Appellee, Continental Constructors, Inc., sued, in Travis County, Texas, the Texas Parks and Wildlife Department and appellant Bernard Johnson, Inc. The suit arose out of appellee’s construction of a bulkhead at Lake Livingston, Texas under a contract between appellee and the Department. The contract called for construction of the bulkhead to plans and specifications prepared by appellant and contained other provisions which allegedly gave appellant certain powers and duties as “the architect/engineer.”
Appellant interposed a plea of privilege to be sued in Harris County, its “residence” for venue purposes. Tex.Rev.Civ.Stat.Ann. art. 1995 (1964). The “residence” of the Department, for venue purposes, is Travis County.
The trial court denied appellant’s plea of privilege after hearing and sustained appel-lee’s controverting plea to the effect that venue in Travis County was proper as to both defendants under exception four of article 1995. That exception provides, rather simply for our purposes, that if two defendants reside in different counties, suit may be brought in the county where either defendant resides. Appellee proved a pri-ma facie case against the Department, a “resident” of Travis County, and contends appellant must, therefore, under exception four, submit to venue in the county. Appellant resists based upon the interpretation given exception four in Stockyards National Bank v. Maples, 127 Tex. 633, 95 S.W.2d 1300 (1936).

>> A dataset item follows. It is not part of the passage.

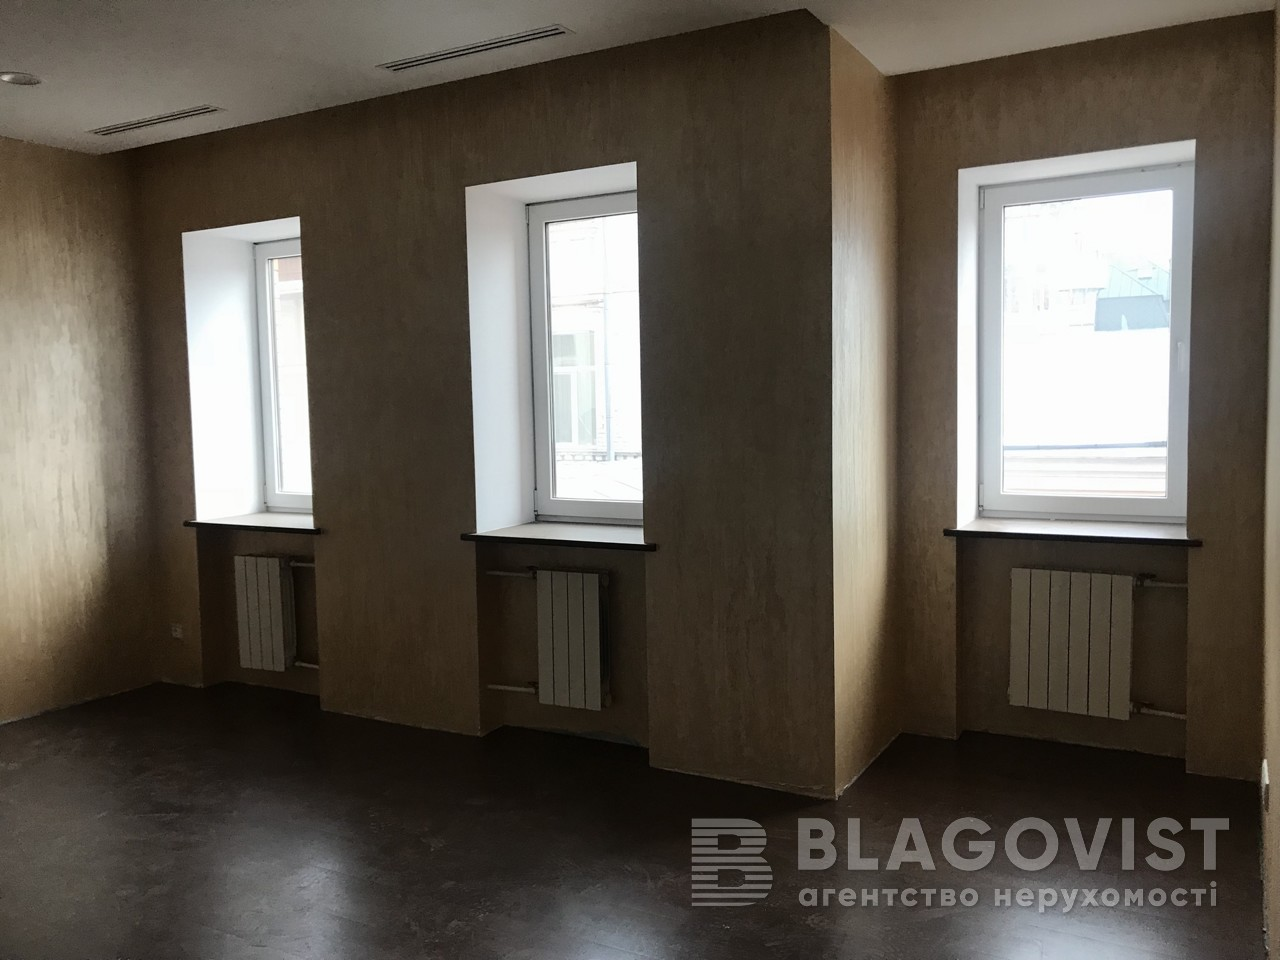 Дом, H-41424, Борисоглебская, Киев - Фото 11

Appellant admits appellee was not required to establish, by extrinsic evidence, a prima facie case against appellant, the nonresident defendant; rather, the issue of venue in the present circumstances must be determined solely upon this proposition of law: Do the allegations of appellee’s petition and controverting plea show a cause of action against appellant which is either: (1) a joint claim against the appellant and the Department; or (2) a cause of action growing out of the same transaction and so intimately connected with the claim against the Department that the two should be joined under “the rule intended to avoid a multiplicity of suits?” Id.
An examination of appellee’s controverting plea reveals that it incorporates by reference all the allegations contained in ap-pellee’s petition. The petition, in turn, asserts against the Department, the resident defendant, two causes of action in contract: (1) appellee fully performed the bulkhead contract and its work thereunder had been finally accepted by the Department; the completion of the work required extra fill material which appellee supplied; the bulkhead contract expressly required the Department to pay for the extra material; and, the Department breached the bulkhead contract by refusing to pay for it; and (2) the bulkhead failed, although built to contract plans and specifications, whereupon the Department requested that appellee re[367]*367build it; an unnamed agent or representative of the Department represented that the Department would pay for the rebuilding; appellee rebuilt the bulkhead; and, the Department breached this concomitant oral contract by refusing to pay the reasonable value of appellee’s work in making the requested repairs.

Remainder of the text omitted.